North America contains the largest quantities of the discovered deep petroleum with original proved plus probable (2P) reserves of 28.06 million bbl of oil equivalent.

The three most prolific basins for deep petroleum are the Gulf of Mexico, Arabian, and East Venezuela basins. These three basins contain 48.6% of the total deep original 2P petroleum reserves in the world.

Of that figure, 63.3% is reservoired in clastic rocks, 35% in carbonates, and 1.7% in crystalline rocks. In terms of trap type, 95.7% of the total is in structural and combination traps.

Passive margin and foreland basins contain the bulk of the world's deep original 2P petroleum reserves, with the former accounting for 47.7% of the total and the latter 46.4%.

Salt-bearing deep sedimentary basins are significantly more prospective for deep petroleum than basins without salt. This is attributed to the relative cooling effect for the subsalt sediments induced by salt. The effect is responsible for retardating source rock maturation in the deep parts of petroliferous basins.

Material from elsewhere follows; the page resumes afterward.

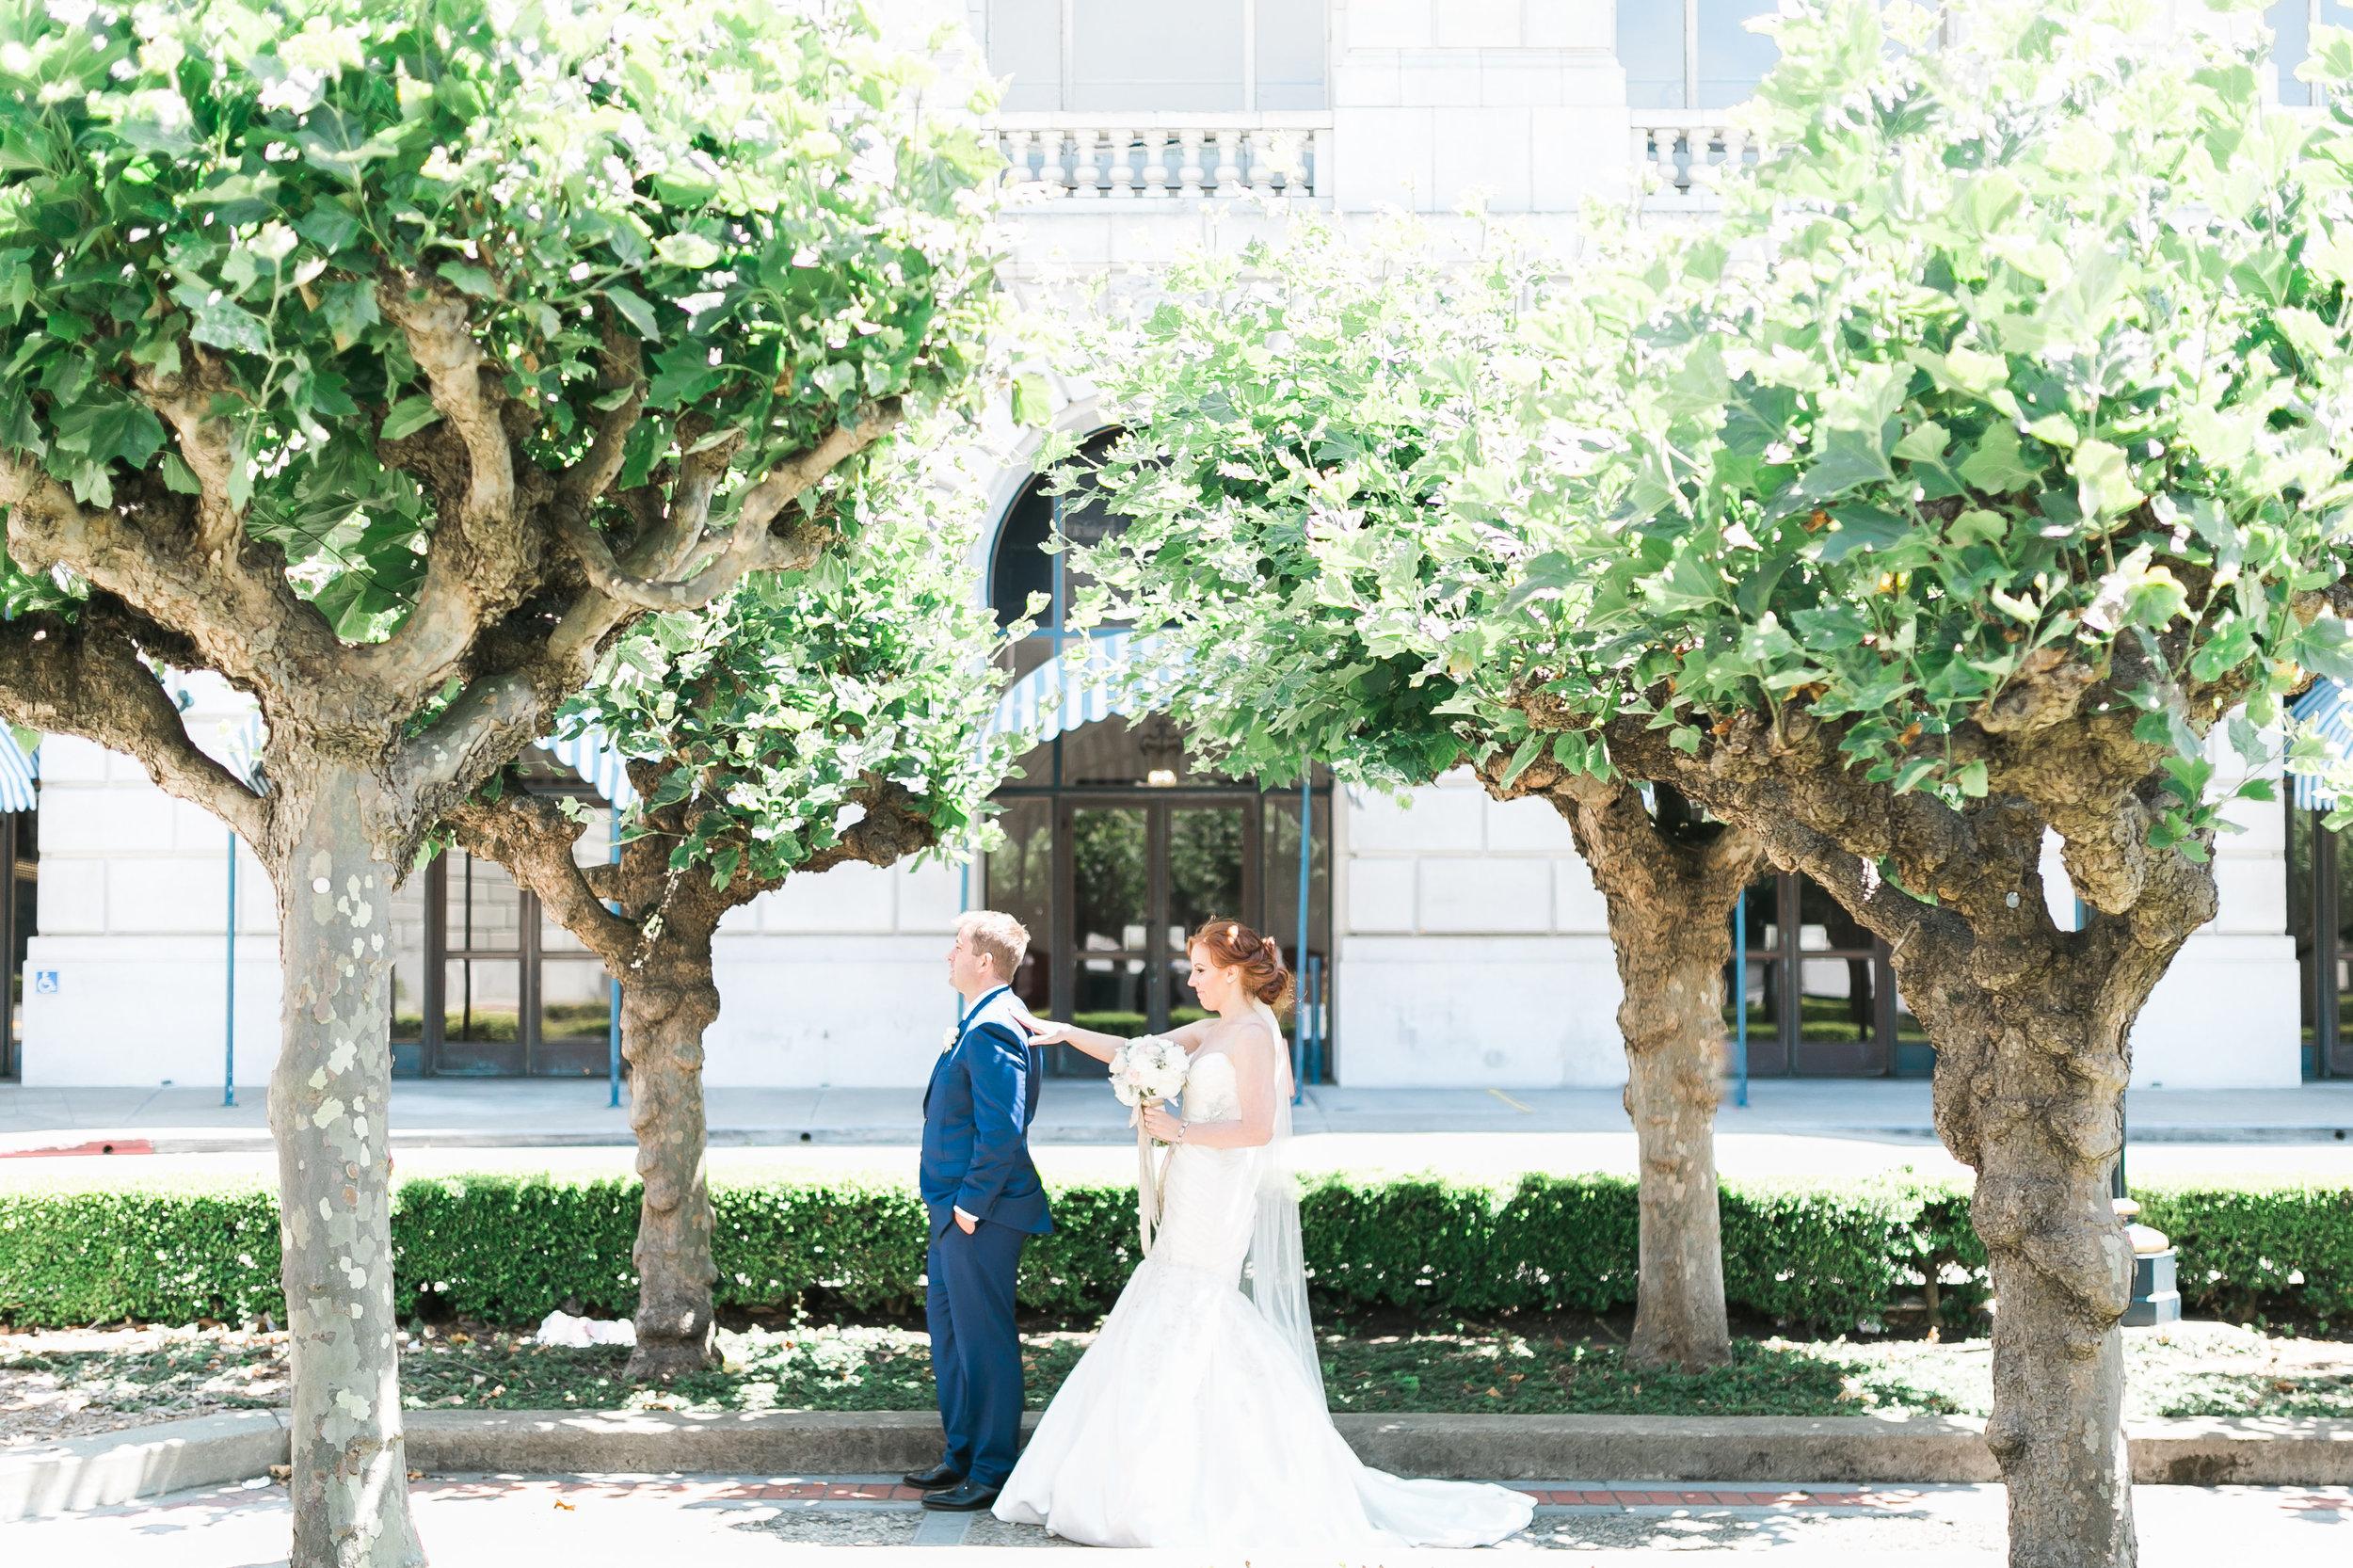 An Intimate San Francisco City Hall Wedding - J.Anne Photography -- Wedding Blog - The Overwhelmed Bride

The petroliferous basins in the Tethyan realm contain 85% of world total deep original 2P petroleum reserves, which is similar to the distribution of petroleum in shallow-intermediate reservoirs.

Some 92.3% of the total occurs in reservoirs with burial depths of 15,000 ft (about 4,572 m) to 20,000 ft (about 6,096 m).

Stratigraphically, the deep petroleum reserves are largely confined to five reservoir intervals: Neogene (hosting 22.3% of the total), Upper Paleozoic (22.2%), Cretaceous (18.4%), Paleogene (12.8%), and Jurassic (12.8%).

The concentration of deep petroleum reserves in the Jurassic-Tertiary reservoir rocks may be a direct result of widespread availability of more effective source rocks in these stratigraphic intervals.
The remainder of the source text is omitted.